As primeiras idéias para sistemas de áreas verdes surgiram em Curitiba no século XIX ao mesmo tempo dos contemporâneos europeus e norte-americanos que lhe serviram de modelo. Aos poucos a morfologia da cidade formal cidade foi sendo modificada. Foi incorporada vegetação devido aos efeitos benéficos e saneadores. A parte nova da cidade e os bairros “modernos” eram planejados em função de preocupações sobre a formação de espaço urbano mais saudável.
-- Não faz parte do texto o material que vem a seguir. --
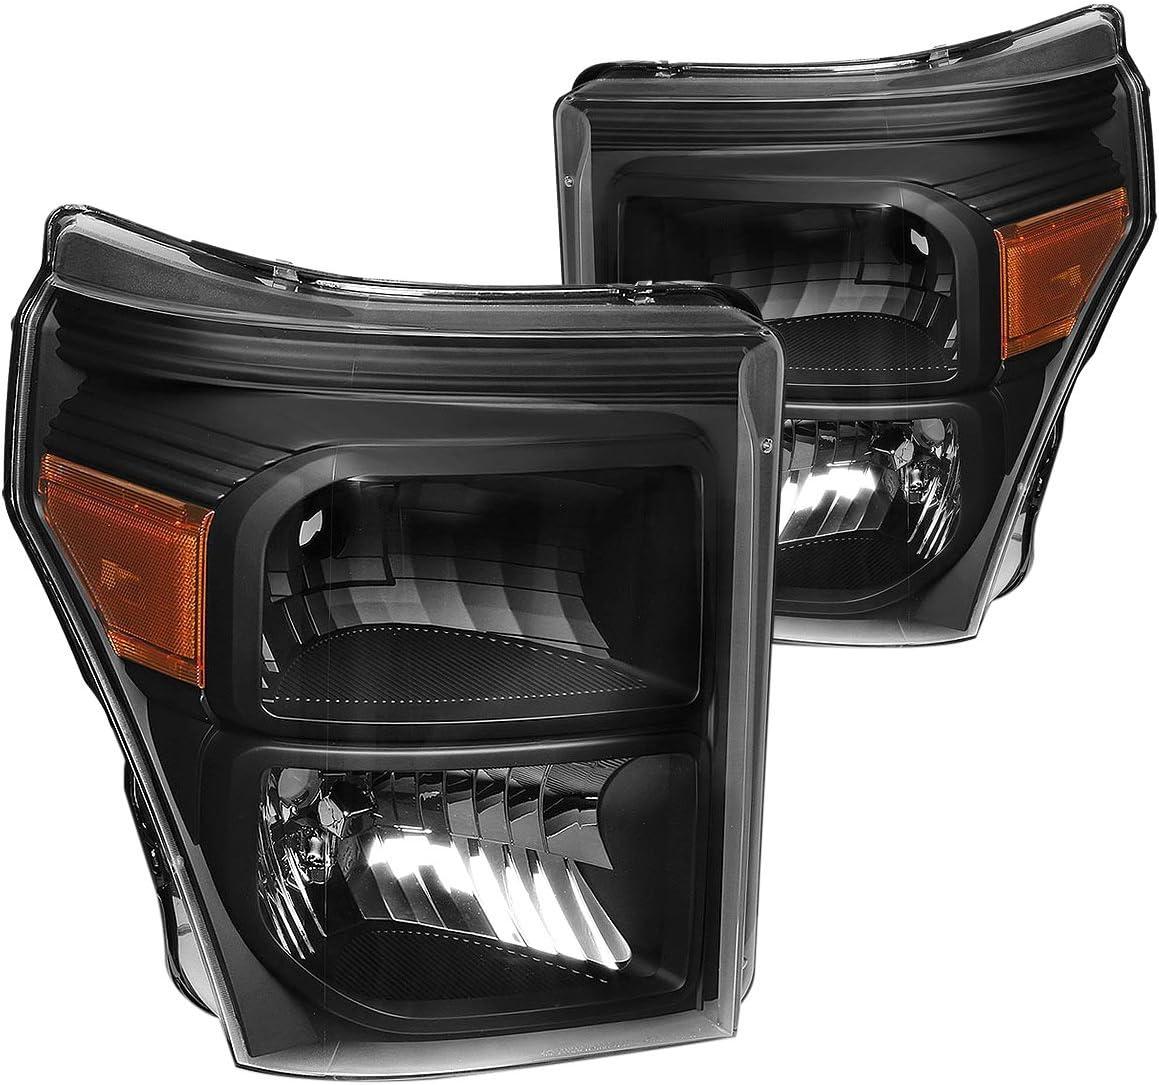 Driver and Passenger Side,Black Housing DNA MOTORING HL-OH-FSU13-BK-AM Headlight Assembly Amber Corner

O mesmo autor descreve as intenções do Presidente da Província do Paraná, na época o visconde Alfredo d’Escragnolle Taunay, em contrapor saneamento, reservar áreas livres arborizadas para recreio. Era prioridade reincorporar a vegetação ao modo de vida dos citadinos e introduzir o hábito do passeio. Os governantes buscavam resgatar a atmosfera do meio ambiente natural, da presença de árvores e dos benefícios à saúde. Esta visão organicista e sanitarista opunha-se a ordem abstrata e geométrica vigente até então em prol da salubridade urbana. Desta forma, no século XIX, a cidade colonial começou a ser modificada. Ao traçado reticular e quadro estéril opondo-se ao espaço rural e entorno foi superposta uma arborização exótica.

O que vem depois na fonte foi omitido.